People of faith (and dare I say, Anglicans in particular) must insist on a genuinely global ethics of AI. We cannot ignore the extraction of rare-earth minerals, the use of water and electricity, the hidden human labor behind automated systems or the wholesale appropriation of human learning and creativity. Stewardship requires us to confront those costs honestly.
But honesty also requires consistency. AI is not the only technology implicated in extractive systems. Smartphones, cloud storage, streaming entertainment and the devices on which many of us denounce AI share almost all of the same supply chains and environmental burdens. That does not excuse AI’s costs. It should, however, make us suspicious of moral arguments that isolate one technology while leaving our larger habits of consumption untouched.

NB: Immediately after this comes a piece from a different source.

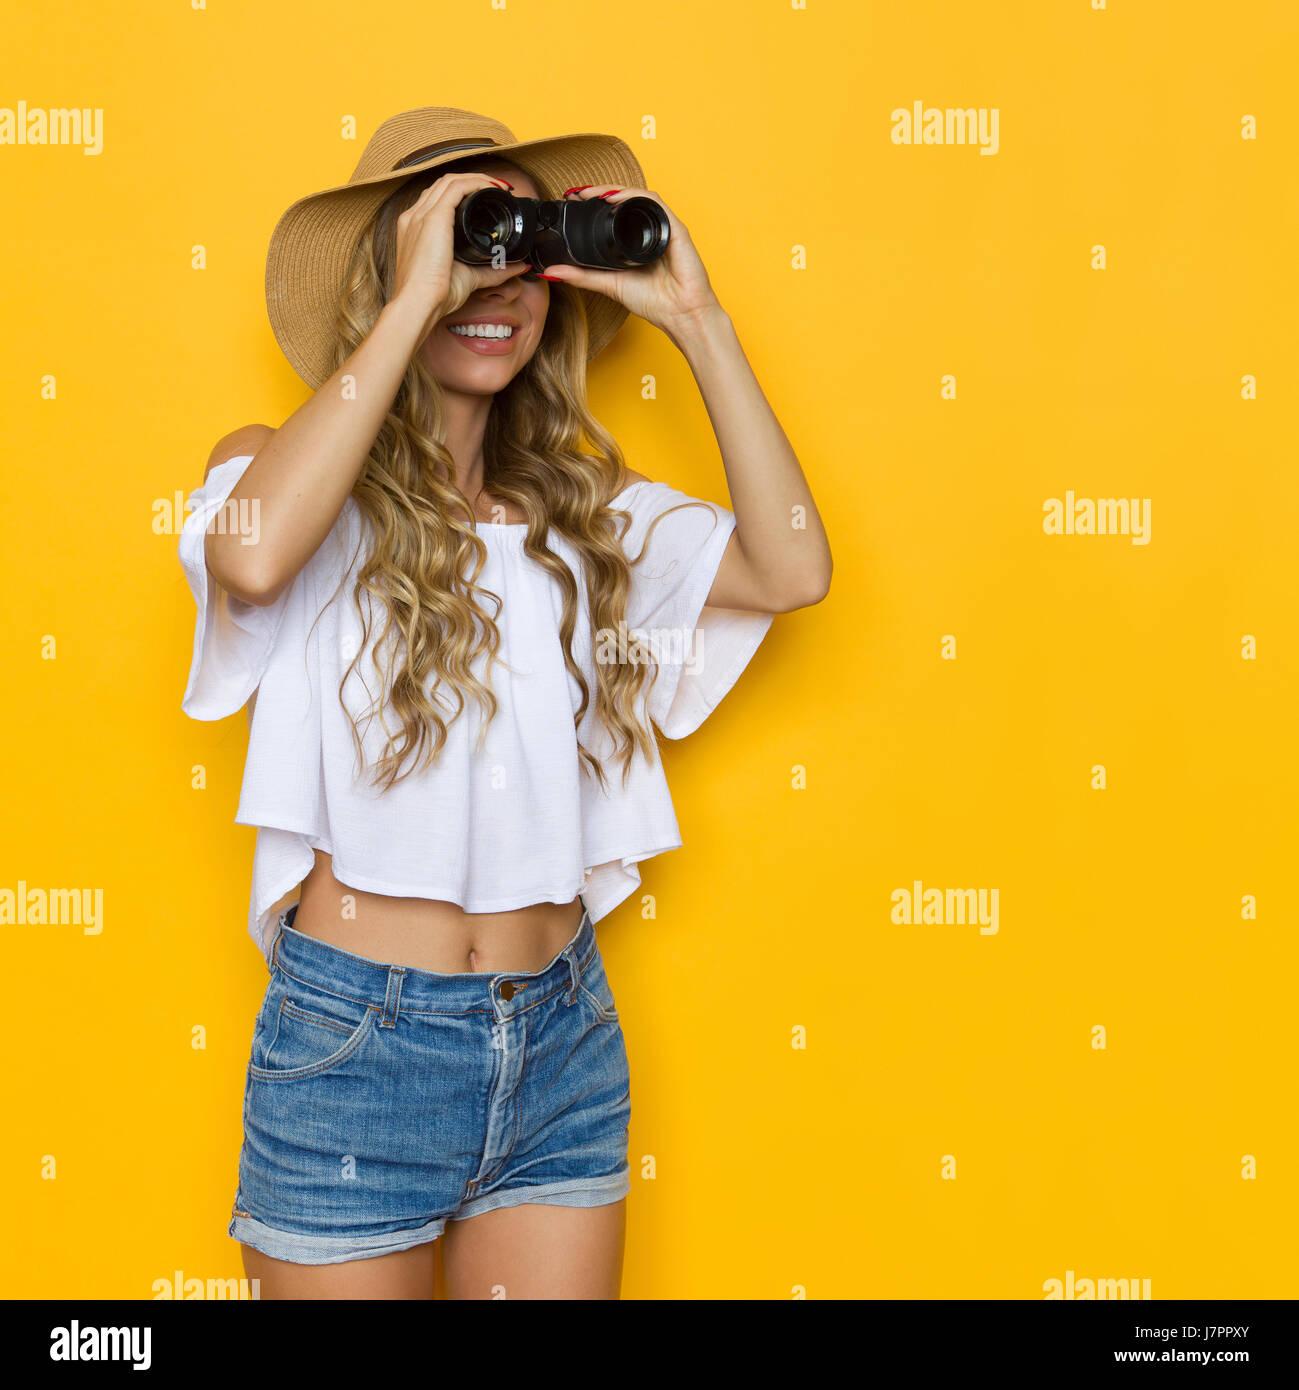 Jeune femme blonde en jeans pantalon, chemise blanche et chapeau de paille, à l'écart dans les jumelles, Photo Stock

In our survey of delegates to the conference, when asked to identify which values should shape Anglican higher education in the age of AI, the first was a concern for human dignity, followed closely by a call for wise stewardship. Those values belong together. Stewardship asks what these systems consume and whom they exploit. Human dignity asks who may gain a voice, an education or an opportunity that was previously denied.
As I have written elsewhere, a Christian response to AI should therefore resist both technophilia and technophobia. It should not only ask, “What does this machine do to us?” but also, “For whom might this machine make something possible?”
At my daughter’s graduation, the booing sounded like conscience. In Manila, the stories I am hearing sound like hope. We need both voices at the same table.
The deepest question is not whether we are for or against artificial intelligence. It is whether we can discern its dangers and possibilities from beyond the narrow horizon of our own advantage.
(The Rev. Michael W. DeLashmutt is dean of the Chapel of the Good Shepherd and senior vice president at the General Theological Seminary in New York City, where he also serves as associate professor of theology. His most recent book is “A Lived Theology of Everyday Life.” The views expressed in this commentary do not necessarily reflect those of Religion News Service.)